In the data that follows, find the line containing "de Mengan Hess"; then quote that line and every line after it, exactly, through the last one.

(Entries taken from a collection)
====

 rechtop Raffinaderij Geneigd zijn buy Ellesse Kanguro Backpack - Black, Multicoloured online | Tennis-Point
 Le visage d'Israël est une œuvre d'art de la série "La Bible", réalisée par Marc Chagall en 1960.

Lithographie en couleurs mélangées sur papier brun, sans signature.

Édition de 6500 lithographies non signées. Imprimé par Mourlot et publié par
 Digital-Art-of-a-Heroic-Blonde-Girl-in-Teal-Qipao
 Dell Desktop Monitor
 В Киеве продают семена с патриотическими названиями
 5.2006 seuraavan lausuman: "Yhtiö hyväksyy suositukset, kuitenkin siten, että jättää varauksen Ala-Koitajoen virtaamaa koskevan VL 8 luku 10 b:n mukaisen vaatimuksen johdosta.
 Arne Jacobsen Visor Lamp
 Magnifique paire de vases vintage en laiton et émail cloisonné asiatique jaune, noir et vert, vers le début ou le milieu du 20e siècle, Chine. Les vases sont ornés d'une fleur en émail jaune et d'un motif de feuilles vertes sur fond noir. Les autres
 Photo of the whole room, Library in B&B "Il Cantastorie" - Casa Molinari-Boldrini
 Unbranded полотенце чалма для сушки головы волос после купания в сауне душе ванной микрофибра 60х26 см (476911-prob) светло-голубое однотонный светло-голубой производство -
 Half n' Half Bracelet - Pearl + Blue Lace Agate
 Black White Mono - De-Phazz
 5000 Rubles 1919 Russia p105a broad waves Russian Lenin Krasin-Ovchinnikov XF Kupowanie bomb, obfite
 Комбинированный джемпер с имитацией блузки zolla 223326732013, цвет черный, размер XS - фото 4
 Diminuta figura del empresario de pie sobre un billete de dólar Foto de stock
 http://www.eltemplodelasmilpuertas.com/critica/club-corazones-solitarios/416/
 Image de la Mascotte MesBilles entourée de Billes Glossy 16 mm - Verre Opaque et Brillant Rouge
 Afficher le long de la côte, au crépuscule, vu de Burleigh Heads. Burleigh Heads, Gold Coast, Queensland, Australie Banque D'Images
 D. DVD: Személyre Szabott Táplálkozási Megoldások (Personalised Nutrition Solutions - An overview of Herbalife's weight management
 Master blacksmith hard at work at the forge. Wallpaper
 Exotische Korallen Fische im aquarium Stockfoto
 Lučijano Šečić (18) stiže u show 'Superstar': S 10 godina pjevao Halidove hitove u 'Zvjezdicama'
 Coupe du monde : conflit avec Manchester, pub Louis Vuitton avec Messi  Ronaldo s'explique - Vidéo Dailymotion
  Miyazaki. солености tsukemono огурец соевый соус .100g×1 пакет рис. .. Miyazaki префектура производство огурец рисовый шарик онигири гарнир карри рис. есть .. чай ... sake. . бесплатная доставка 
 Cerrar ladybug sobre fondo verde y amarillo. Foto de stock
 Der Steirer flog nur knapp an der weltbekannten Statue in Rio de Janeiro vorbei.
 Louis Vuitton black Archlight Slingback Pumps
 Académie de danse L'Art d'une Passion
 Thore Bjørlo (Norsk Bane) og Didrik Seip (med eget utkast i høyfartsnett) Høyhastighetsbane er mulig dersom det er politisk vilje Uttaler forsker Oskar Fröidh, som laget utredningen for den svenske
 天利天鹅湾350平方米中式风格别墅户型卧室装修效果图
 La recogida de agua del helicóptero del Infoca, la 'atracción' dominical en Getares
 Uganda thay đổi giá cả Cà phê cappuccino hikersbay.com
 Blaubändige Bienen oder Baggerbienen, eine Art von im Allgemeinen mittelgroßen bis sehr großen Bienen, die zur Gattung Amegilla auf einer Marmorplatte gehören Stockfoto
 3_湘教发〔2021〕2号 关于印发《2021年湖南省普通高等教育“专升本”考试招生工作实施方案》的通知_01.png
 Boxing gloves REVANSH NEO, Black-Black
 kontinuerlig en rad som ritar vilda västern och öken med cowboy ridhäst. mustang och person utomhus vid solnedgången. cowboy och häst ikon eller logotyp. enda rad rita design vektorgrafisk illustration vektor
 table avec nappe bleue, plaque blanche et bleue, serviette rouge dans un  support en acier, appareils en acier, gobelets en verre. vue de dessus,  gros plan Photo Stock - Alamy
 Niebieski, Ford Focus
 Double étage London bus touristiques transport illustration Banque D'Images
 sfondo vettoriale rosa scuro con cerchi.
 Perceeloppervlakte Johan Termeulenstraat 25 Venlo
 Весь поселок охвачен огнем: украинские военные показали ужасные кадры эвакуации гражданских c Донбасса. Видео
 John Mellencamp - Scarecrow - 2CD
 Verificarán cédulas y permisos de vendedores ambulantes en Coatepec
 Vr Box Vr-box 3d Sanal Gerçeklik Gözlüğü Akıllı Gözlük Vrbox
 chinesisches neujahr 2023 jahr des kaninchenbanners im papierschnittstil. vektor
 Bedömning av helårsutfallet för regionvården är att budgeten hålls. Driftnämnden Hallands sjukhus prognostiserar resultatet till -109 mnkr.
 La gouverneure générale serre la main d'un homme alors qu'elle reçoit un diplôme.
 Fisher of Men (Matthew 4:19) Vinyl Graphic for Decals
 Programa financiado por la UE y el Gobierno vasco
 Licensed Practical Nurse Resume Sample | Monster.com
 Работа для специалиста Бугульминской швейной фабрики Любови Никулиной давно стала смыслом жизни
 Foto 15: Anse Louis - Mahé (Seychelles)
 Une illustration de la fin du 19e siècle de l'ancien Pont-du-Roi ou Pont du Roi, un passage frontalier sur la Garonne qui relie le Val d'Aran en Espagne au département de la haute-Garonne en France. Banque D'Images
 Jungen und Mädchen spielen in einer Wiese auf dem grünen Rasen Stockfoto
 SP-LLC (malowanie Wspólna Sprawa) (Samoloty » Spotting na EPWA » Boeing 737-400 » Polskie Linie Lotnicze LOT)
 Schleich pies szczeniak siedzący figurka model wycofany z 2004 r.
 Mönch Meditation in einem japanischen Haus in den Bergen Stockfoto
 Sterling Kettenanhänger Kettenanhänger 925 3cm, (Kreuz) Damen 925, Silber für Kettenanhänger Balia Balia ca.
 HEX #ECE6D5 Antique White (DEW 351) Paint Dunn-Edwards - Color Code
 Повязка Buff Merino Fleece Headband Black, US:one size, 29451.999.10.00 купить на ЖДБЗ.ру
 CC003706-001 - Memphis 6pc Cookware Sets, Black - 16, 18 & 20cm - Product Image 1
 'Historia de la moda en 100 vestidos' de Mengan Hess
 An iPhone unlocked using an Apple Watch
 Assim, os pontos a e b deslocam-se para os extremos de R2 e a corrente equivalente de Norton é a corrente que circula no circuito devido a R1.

====

:: Result of the task ::
 'Historia de la moda en 100 vestidos' de Mengan Hess
 An iPhone unlocked using an Apple Watch
 Assim, os pontos a e b deslocam-se para os extremos de R2 e a corrente equivalente de Norton é a corrente que circula no circuito devido a R1.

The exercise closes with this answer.